The Park City City Council is ready to help a Wichita developer renovate the Britt Brown Arena at the Kansas Coliseum, if the arena can be annexed into the city.
The council on Tuesday night approved a letter of intent to issue up to $5 million in industrial revenue bonds for Wichita developer Johnny Stevens’ plan to turn the arena into an industrial center, city administrator Jack Whitson said Wednesday. Stevens plans to gut and remodel the arena for use by the National Institute for Aviation Research, but no formal agreement is in place and other tenants remain a possibility.
“Anything we can get up here business-wise we’re interested in,” Whitson said, “especially if it brings jobs, economic development and a developer with a solid track record like this one.”
If the deal with NIAR goes forward, it would relocate 80 full-time jobs to the converted arena, Whitson said, along with jobs at the adjoining pavilions, which Stevens has pledged to operate.
NIAR executive director John Tomblin could not be reached for comment Wednesday.
The letter of intent is contingent on Stevens finalizing the purchase of the arena and its pavilions from Sedgwick County for $1.5 million, a deal that has to be completed by Jan. 16, Whitson said.
It’s also contingent on the city’s ability to annex the Coliseum ground.
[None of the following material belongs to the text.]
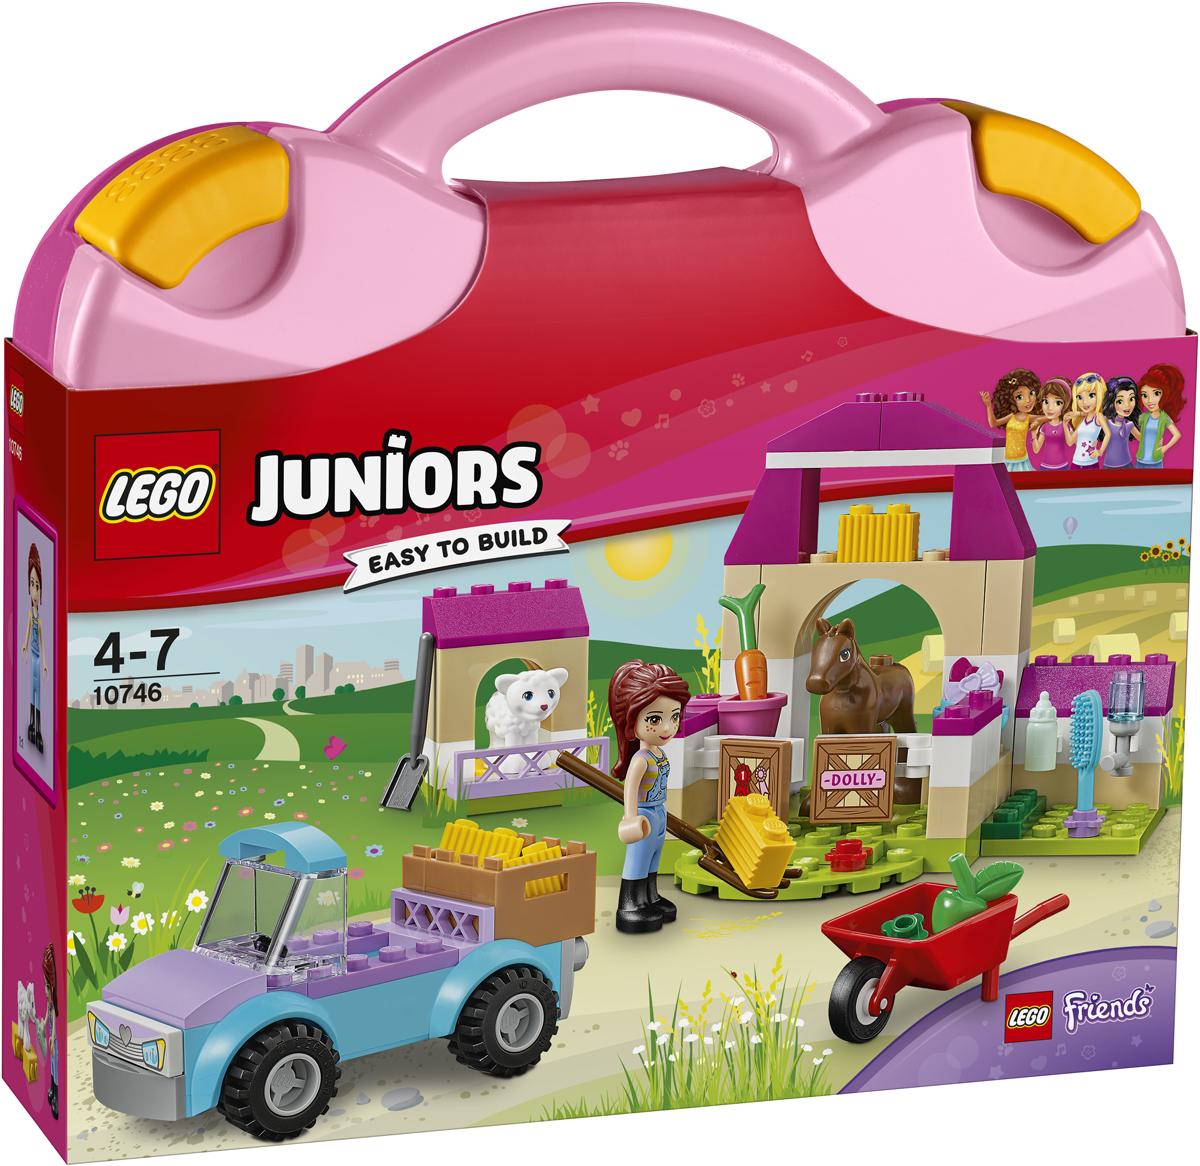 LEGO Juniors Конструктор Чемоданчик Ферма Мии 1074610746Погрузи урожай в кузов пикапа и отвези Мию на ферму. С помощью тачки перевези тюки сена в конюшню, а потом накорми маленького ягненка из бутылочки в его загончике. На ферме LEGO Friends столько дел! Только не забудь позаниматься с жеребенком выездкой! Заботься о животных из весёлого чемоданчика LEGO Juniors, где бы ты ни оказалась.

That would essentially tie Park City land to the immediate east with annexed land just east of I-35, also owned by Stevens. Stevens, a longtime opponent of public incentives for private development, did not return calls seeking comment.
“We can’t give him the IRBs right now because the facility’s not part of Park City,” Whitson said. “It’s touching the city, basically, so it’s not a big stretch.”
Whitson said the city also wants assurances that a tenant has been finalized before it approves any bonds, even IRBs, which are sold to investors without the city incurring any liability for repayment.
Commission chairman Dave Unruh said Sedgwick County won’t stand in the way of any annexation once the sale closes.
“We want this project to go forward, so anything it takes for the buyer to be successful, we will work with him,” Unruh said. “If we close the deal with Stevens and (fellow investor Steve) Barrett and their group, it’s their property and we’re perfectly willing to allow the annexation.”
Stevens told the Park City council that his first step once the sale closes next month is to get a roof on the arena, Whitson said. The letter of intent will enable Stevens to obtain a sales tax exemption for the materials involved in the roof project.
“The roof of that building’s in terrible shape, and he’s got to get right on it,” Whitson said. “We don’t want to stand in the way of that.”
Whitson said the arena renovation is an “enormous project.”
“He’s essentially talking about taking all the seats and the dirt out of the Coliseum to the outside walls,” Whitson said. “That’s why the thing’s going to cost that much.”
Once the sale closes and a tenant is signed, Whitson said he expects Stevens back before his council in late January.